— Шавейкина мне, — сказала она. — Но я уж… я лучше это… Уж я, милые, пойду лучше.
— Погодите, не бойтесь. — Павел усмехнулся. — Шавейкин живет в этом доме. — Он перевел взгляд на ее ботики, оставившие на песке отпечатки с четким решетчатым рисунком — Вы уже заходили сюда?
— Заходила, милый, заходила: как приехала, так и заглянула, да замок висел. — Женщину явно обрадовала улыбка Павла, и, оглядываясь не меднолицего сержанта Сабареева, она затараторила: — Из Бугрихи я, гражданин, меня там все знают, а Елистратьев, депутат, как раз напротив живет, а соседи, Зыкины, мне сказали: съезди в Казенный лес, там вроде работница нужна, за дачей смотреть, тебе по болезни как раз подходяще, и адрес дали…
— Они что ж, знакомы с хозяином дачи, эти Зыкины? — спросил Павел.
— Они, может, не знакомы, а шурин их почтальоном работает здесь, в Казенном лесу, он–то и сказал, Савицкий его фамилия. Адрес дали, я и поехала, ну, увидела, что замок на дверях, и пошла пока на станцию, чтобы переждать: у меня деверь там в обходчиках Вы уж меня не задерживайте, милые, я из Бугрихи приехала, и Елистратьев, депутат…
— За что ж мы вас будем задерживать? — сказал Павел. — Может, подождете хозяина?
— Да нет, в другой раз, — ответила женщина, отступая потихоньку к калитке. — В другой раз
— А вы каким поездом, мамаша, приехали? — спросил Павел.
— Рабочим, который днем смену на комбинат возит.
— Это поезд из Калистратова, — пояснил сержант Сабареев, который все еще продолжал сверлить жительницу села Бугрихи настороженным, гипнотизирующим взглядом. — Приходит сюда в полчетвертого. А от станции здесь пятнадцать минут ходу. Я–то здесь в транспортной милиции служил, знаю.
— Верно, милый, верно, — подтвердила женщина, не оборачиваясь к страшному сержанту. — В полчетвертого, верно.

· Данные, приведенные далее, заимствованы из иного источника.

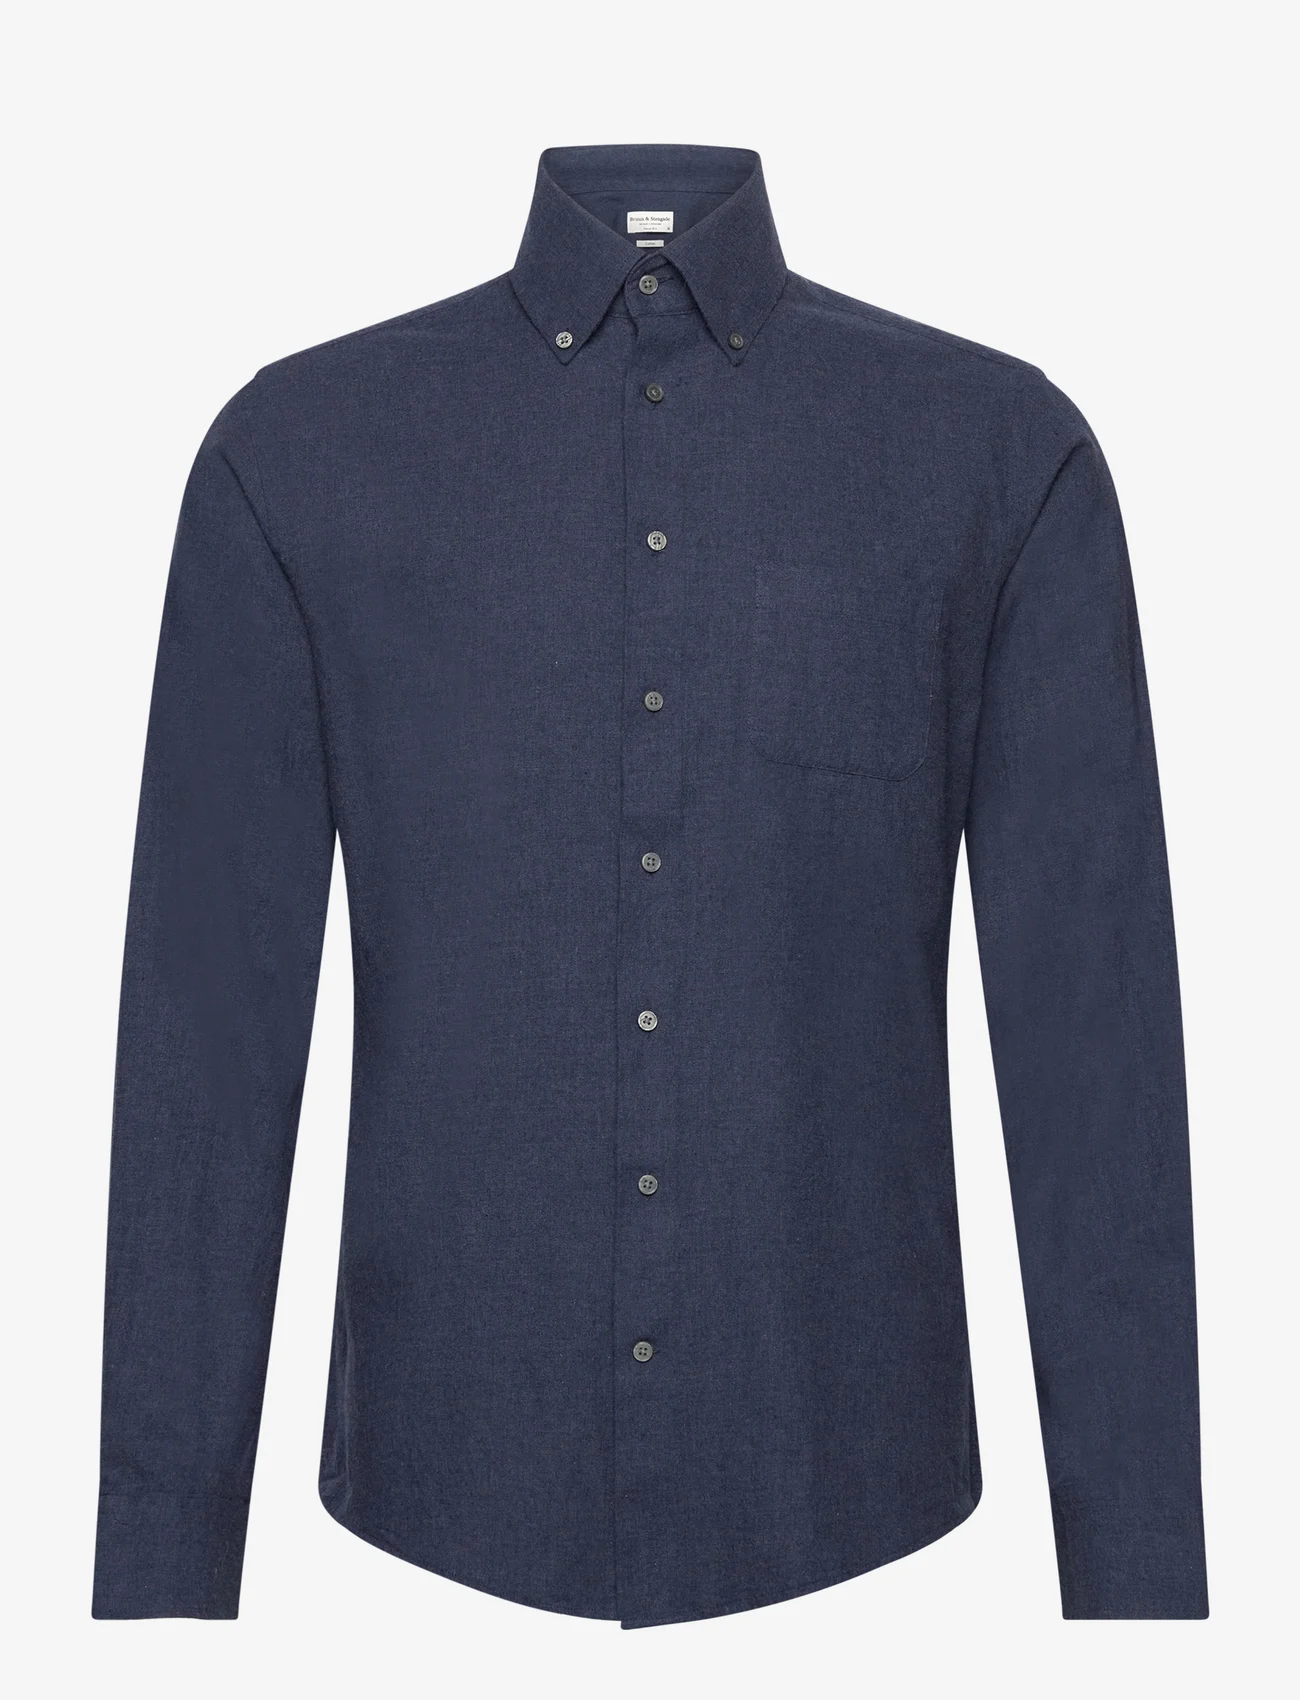 Bruun & Stengade - BS Floyd Casual Slim Fit Shirt - basic skjorter - blue - 0

— Что ж, придется вам приехать еще раз, — сказал Павел, — Пойдемте, мамаша, я вас провожу на станцию.
Высокая массивная калитка захлопнулась. Я вернулся в дом и, чувствуя себя не у дел, робко уселся на свое место в коридоре, рядом с почтальоном, терпеливо ожидавшим окончания осмотра. Разговор на участке навел меня на мысль, что во всей этой истории почтальон, возможно, и не такое уж случайное лицо, как могло показаться вначале. На всякий случай я решил присматривать за ним. В гостиной слышались голоса, шелестели бумаги, шел разговор о каких–то актах, под которыми надлежало расписаться понятым.
— А мне, между прочим, идти пора, — сказал вдруг почтальон без особого дружелюбия в голосе. — Я же первый в милицию позвонил, и меня же, между прочим, задерживают. А у меня еще три письма не– разнесенных и «Сельская жизнь» с выигрышной таблицей, и мне идти нужно.

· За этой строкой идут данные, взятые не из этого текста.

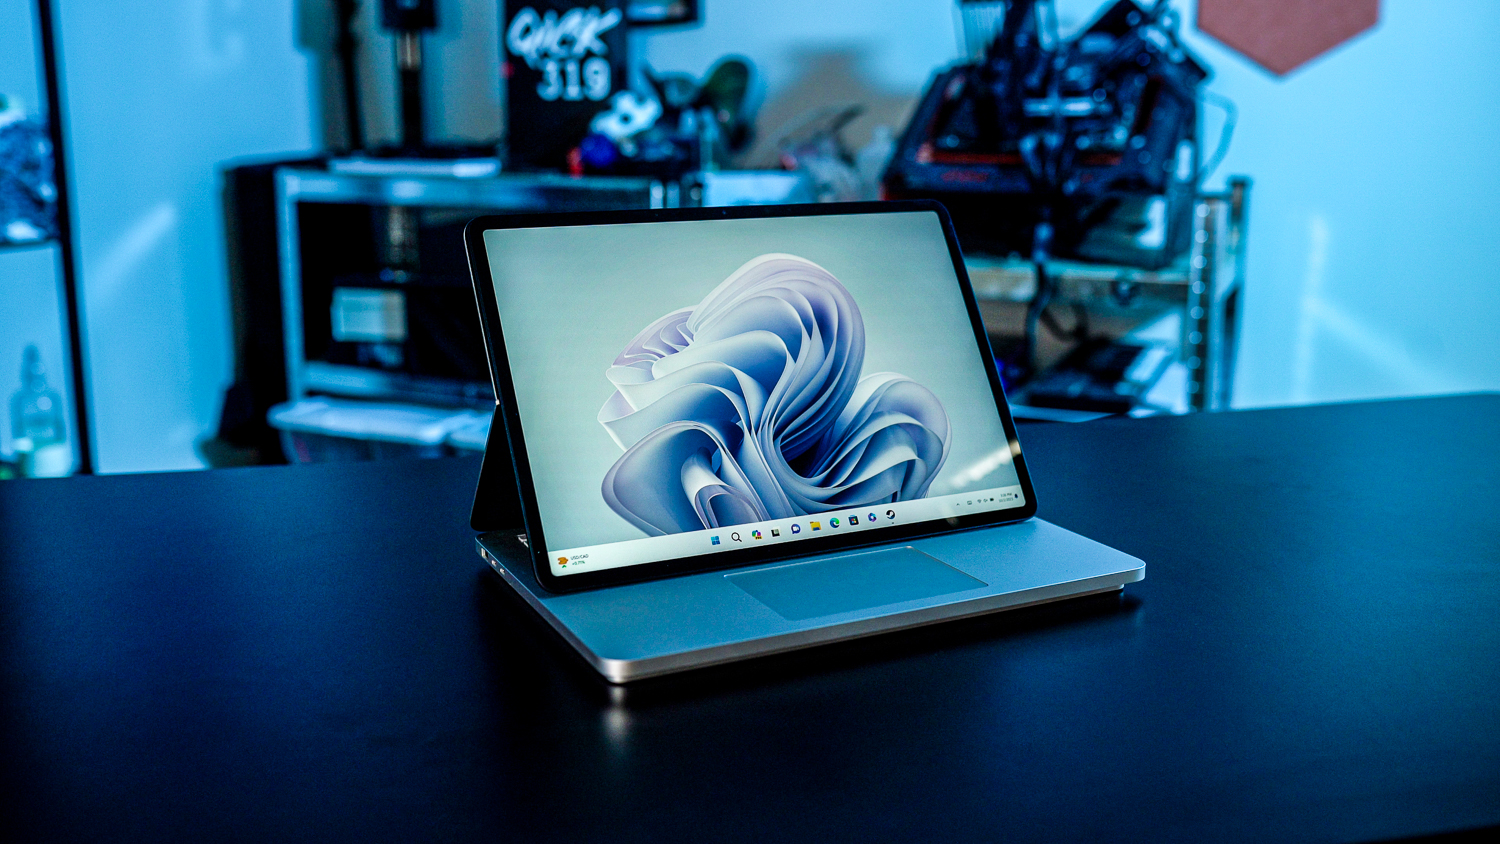 माइक्रोसॉफ्ट सर्फेस लैपटॉप 2 एक मेज पर बैठा है।

— А я такой же, как вы, — успокоил я почтальона. — Тоже вроде бы задержанный. Дело требует!
— А! — почтальон опасливо отодвинулся и замолчал Ядовитый росток недоверия протянул к нам зеленые щупальца. «Вот она, атмосфера дома, где совершено преступление, — подумал я. — Подозрение бродит по комнатам, ищет жертву. И всегда ли бывает справедлив выбор?»
— Вот тут Рыжий Шкет и мог взять бутылку с кислотой, — донесся до меня возбужденный, с легкой хрипотцой голос лейтенанта Сковороденко. — Видите, в шкафу стоят химикаты. Он полез в шкаф за костюмом и схватил бутылку. Наклейка его подвела…
Сообщение, видимо, изменило весь ход осмотра. В спальне завязался оживленный разговор.
— Теперь все ясно, одно к одному, как в домино, — несколько раз повторил лейтенант.
Доктор вежливо, но язвительно возражал ему, отмечая, что расследовать преступление и «забивать козла» — не одно и то же. Чувствовалось, что эти люди привыкли спорить друг с другом: был бы повод.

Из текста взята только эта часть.